Già allora, si formulò l’ipotesi che il movente del sequestro avesse un ovvio obiettivo: bloccare sul nascere il progetto dello stesso Aldo Moro di inserire in qualche forma il Partito Comunista Italiano nella maggioranza di Governo. Un obiettivo demenziale come le stesse B.R., si diceva, e il teorema sembrava potesse reggere. Ma ora il film di Martinelli rovescia tale tesi: le B.R. sarebbero state la manovalanza manipolata da altri dementi: i servizi segreti impegnati a tenere ancora ben calda la “guerra fredda”. Il “sequestro Moro”, insomma, assieme alle stragi di Piazza Fontana, di Brescia, dell’Italicus, sarebbero, in sintesi, il tragico tributo di morte che l’Italia ha dovuto pagare per avviarsi ad essere uno Stato compiutamente democratico. Ma ora ai maledetti artefici di tutto questo urliamo: basta! Come grida in “Maledetti voi…” Luca Moro, nipote di Aldo Moro, che nei titoli di coda della pellicola canta una canzone che, da sola, per forza emblematica, vale tutto il film. Come è emblematica e agghiacciante la testimonianza della madre di Luca, la signora Maria Fida Moro, figlia di Aldo Moro, che, in esclusiva per Palcoscenico, riguardo alle avvisaglie del calvario patito dal padre, ci ha dichiarato: «Io ho 56 anni e da quando ho l’età della ragione, quindi verso i sette anni d’età, so con certezza assoluta che la mia famiglia in parte o in toto finirà in un lago di sangue. L’ho sempre saputo. Tutta la mia infanzia è stata funestata dal fatto che avevano minacciato papà e mamma di portare via i miei fratelli minori e di rimandarli indietro tagliati a pezzi in una valigia.

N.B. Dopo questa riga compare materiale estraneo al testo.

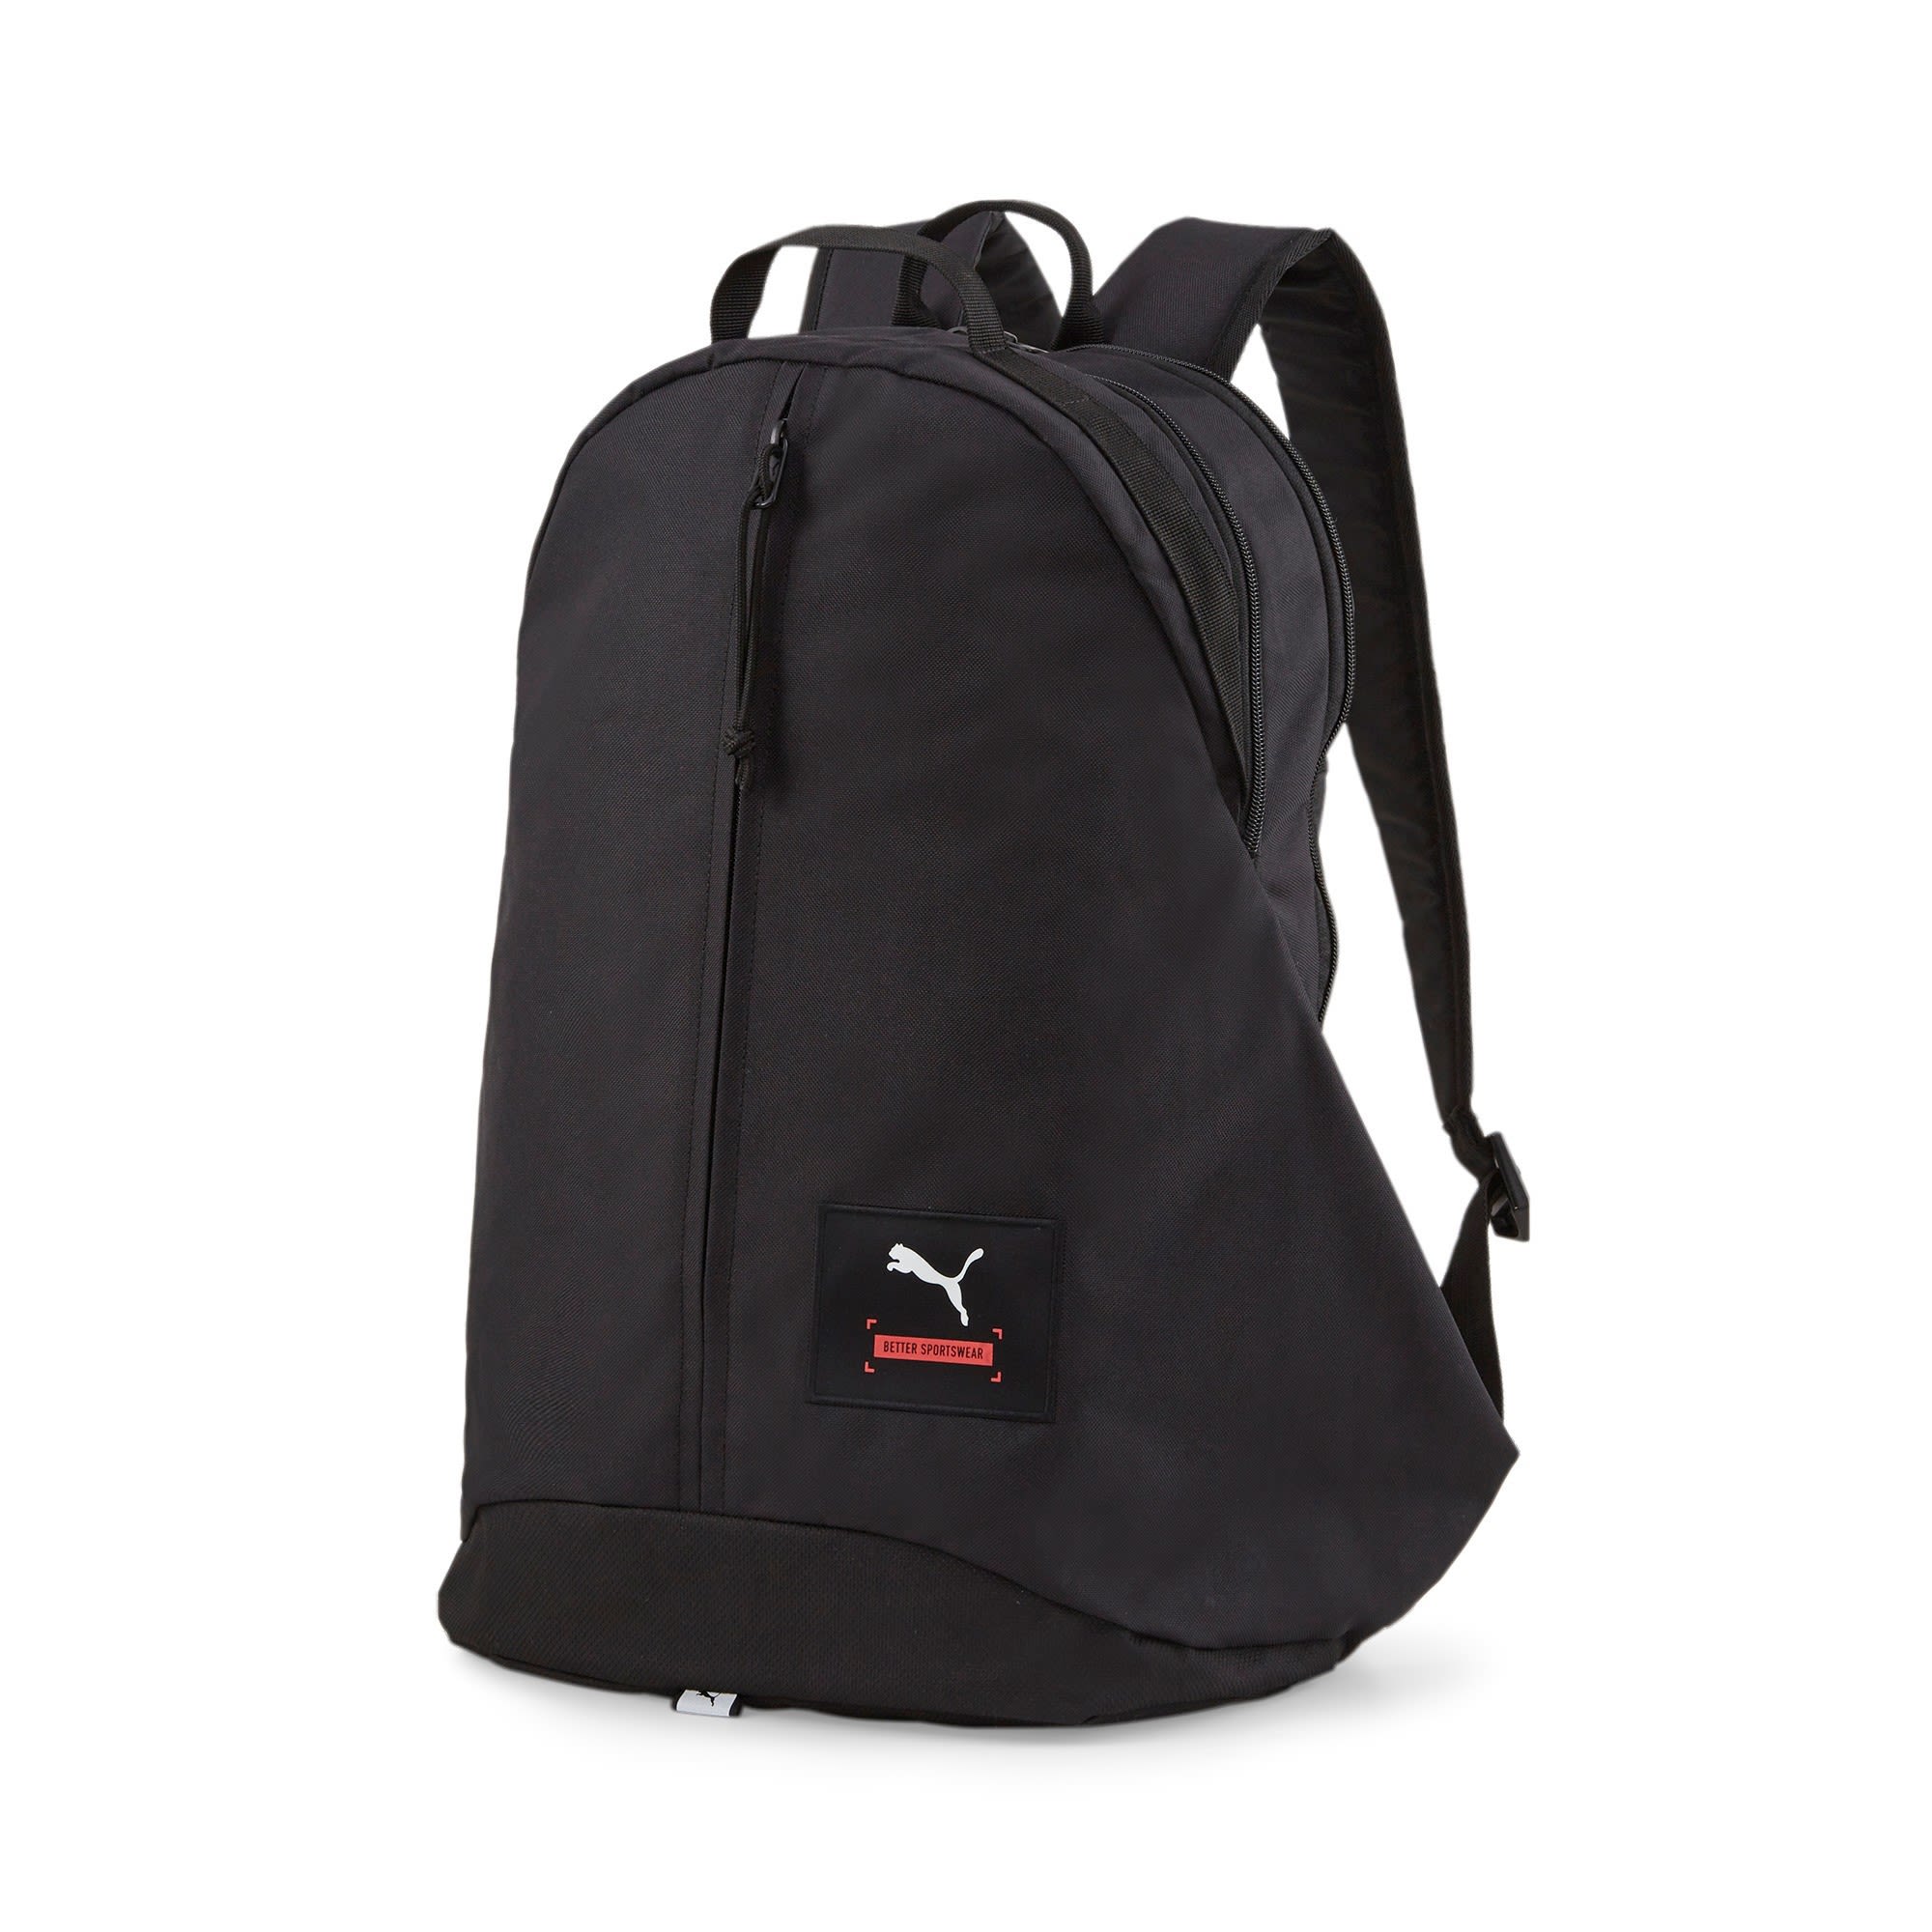 Puma Better Backpack Schwarz- Daypacks- Grsse One Size - Farbe Puma Black

Io ho vissuto così. Non volevo assolutamente un figlio perché non volevo ricominciare a vivere queste cose. Poi è successo il caso Moro… e questa è la nostra vita. Poi, voglio dire una cosa importante: nel ’74, dopo il famoso viaggio in America, mio padre aveva deciso finalmente di lasciare la politica. Poi è nato Luca, a Settembre del ’75, e davanti alla nursery, parlando con la mamma, mio padre le ha detto: “Non posso andarmene, perché mi ammazzeranno sicuramente, ma devo ritardare la catastrofe che pende sul nostro Paese per questi bambini”».
In chiusura, segnaliamo che il film si avvale delle splendide interpretazioni di Donald Sutherland, Giancarlo Giannini, Stefania Rocca e Murray Abraham, un poker d’assi qualitativo che esalta una pellicola già di pregevole fattura stilistica.